TO DO: All of the data should be repeated exactly; pictures are not part of the copy.
[Opening MATERIAL PROVIDED section]
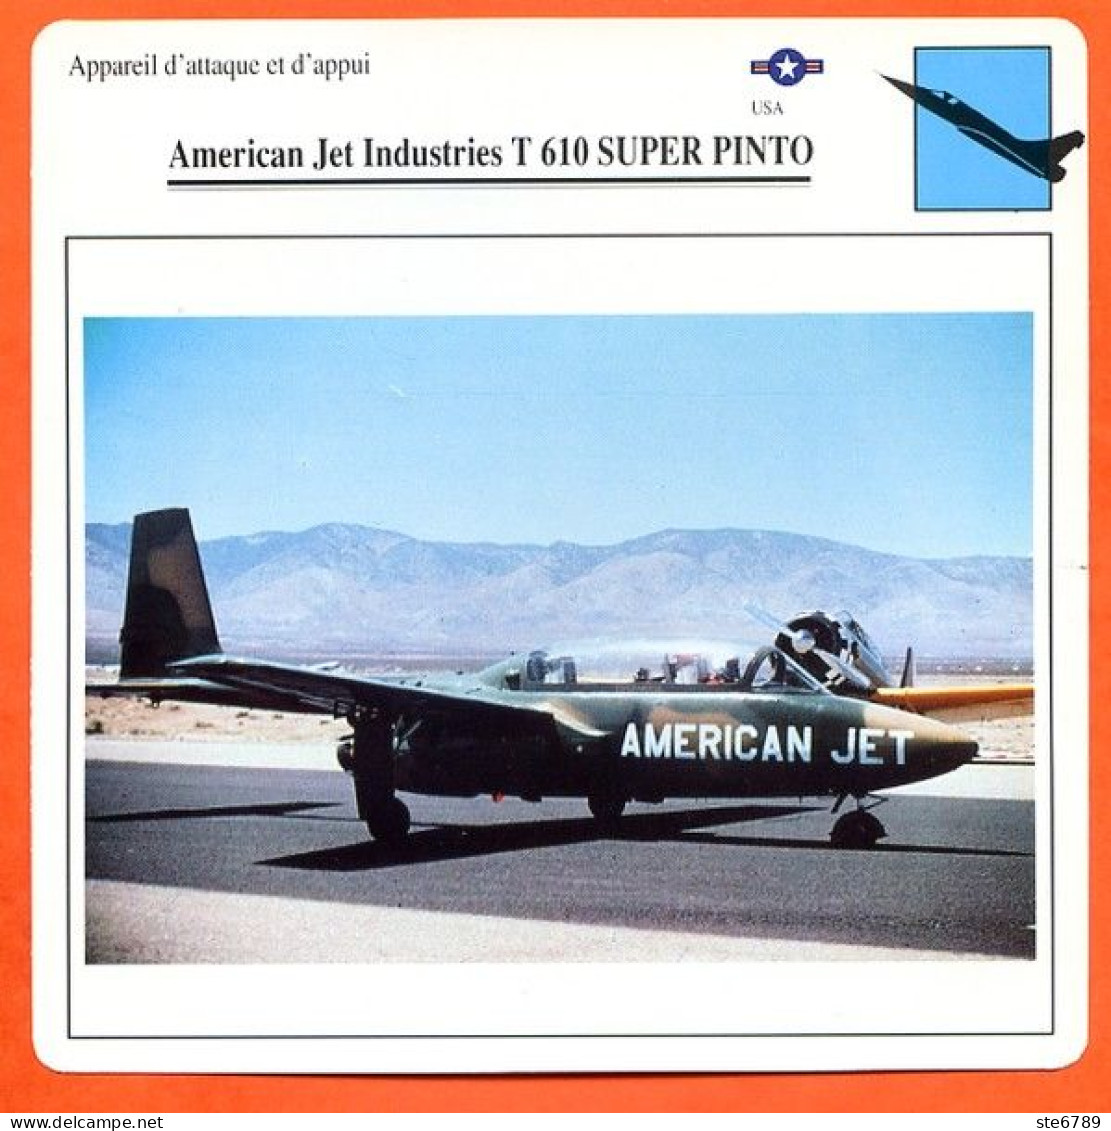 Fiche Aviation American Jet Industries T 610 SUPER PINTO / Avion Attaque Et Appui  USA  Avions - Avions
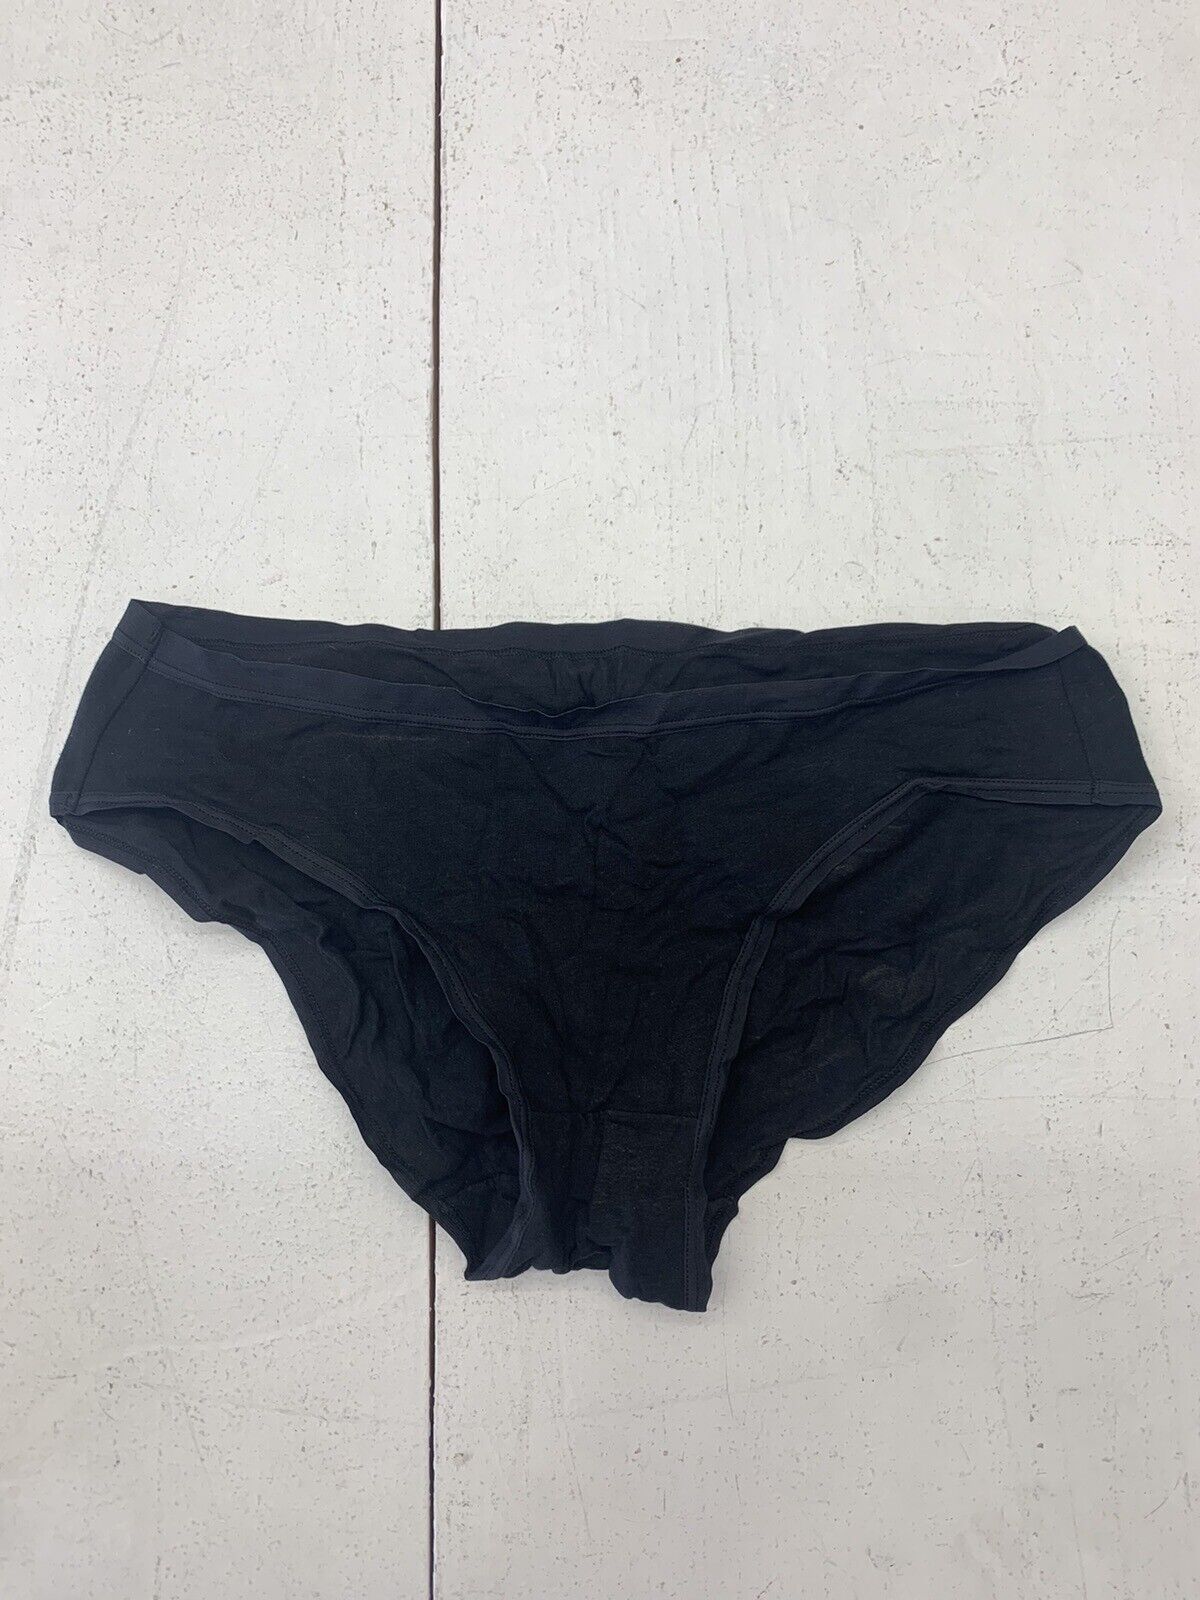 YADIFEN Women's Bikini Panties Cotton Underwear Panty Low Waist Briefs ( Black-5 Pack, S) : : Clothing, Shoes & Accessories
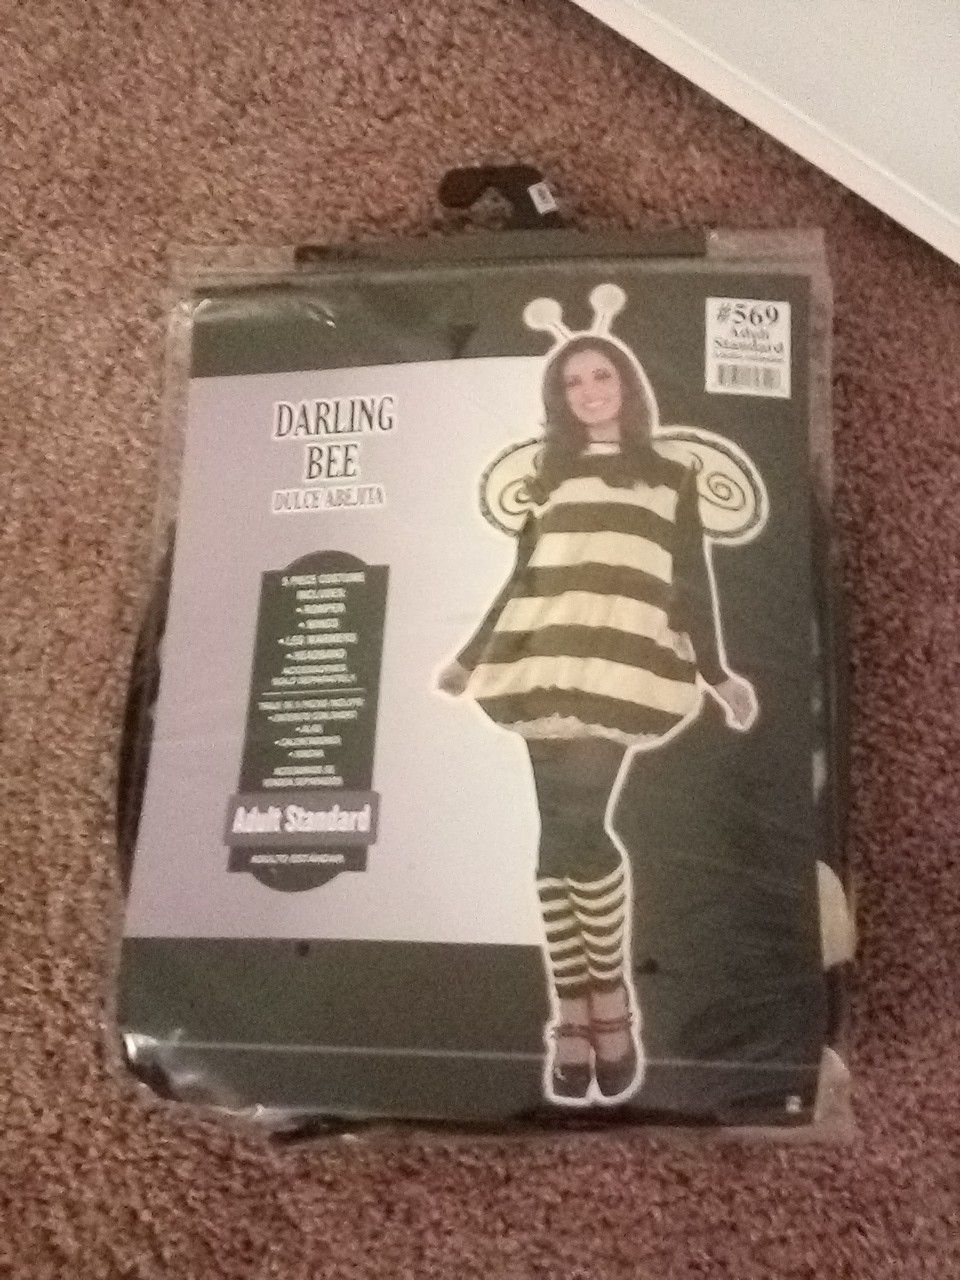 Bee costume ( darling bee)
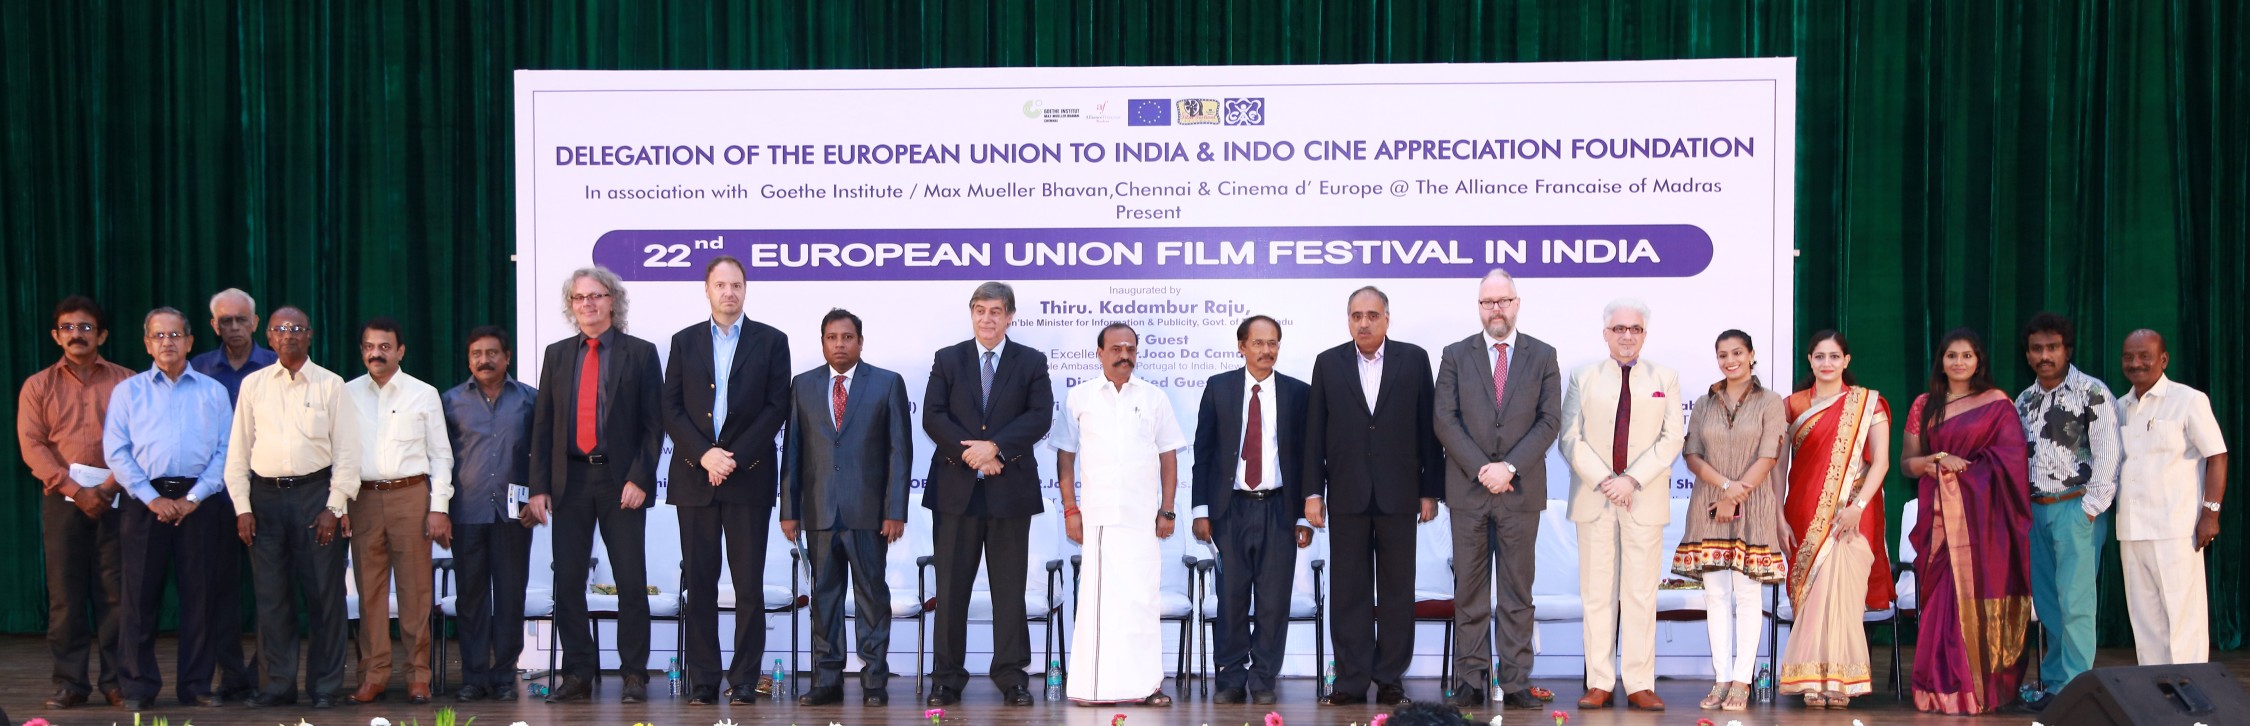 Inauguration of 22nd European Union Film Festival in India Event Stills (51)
[Closing MATERIAL PROVIDED section]
SOLVED PROBLEM:
 Fiche Aviation American Jet Industries T 610 SUPER PINTO / Avion Attaque Et Appui  USA  Avions - Avions
 YADIFEN Women's Bikini Panties Cotton Underwear Panty Low Waist Briefs ( Black-5 Pack, S) : : Clothing, Shoes & Accessories
 Bee costume ( darling bee)
 Inauguration of 22nd European Union Film Festival in India Event Stills (51)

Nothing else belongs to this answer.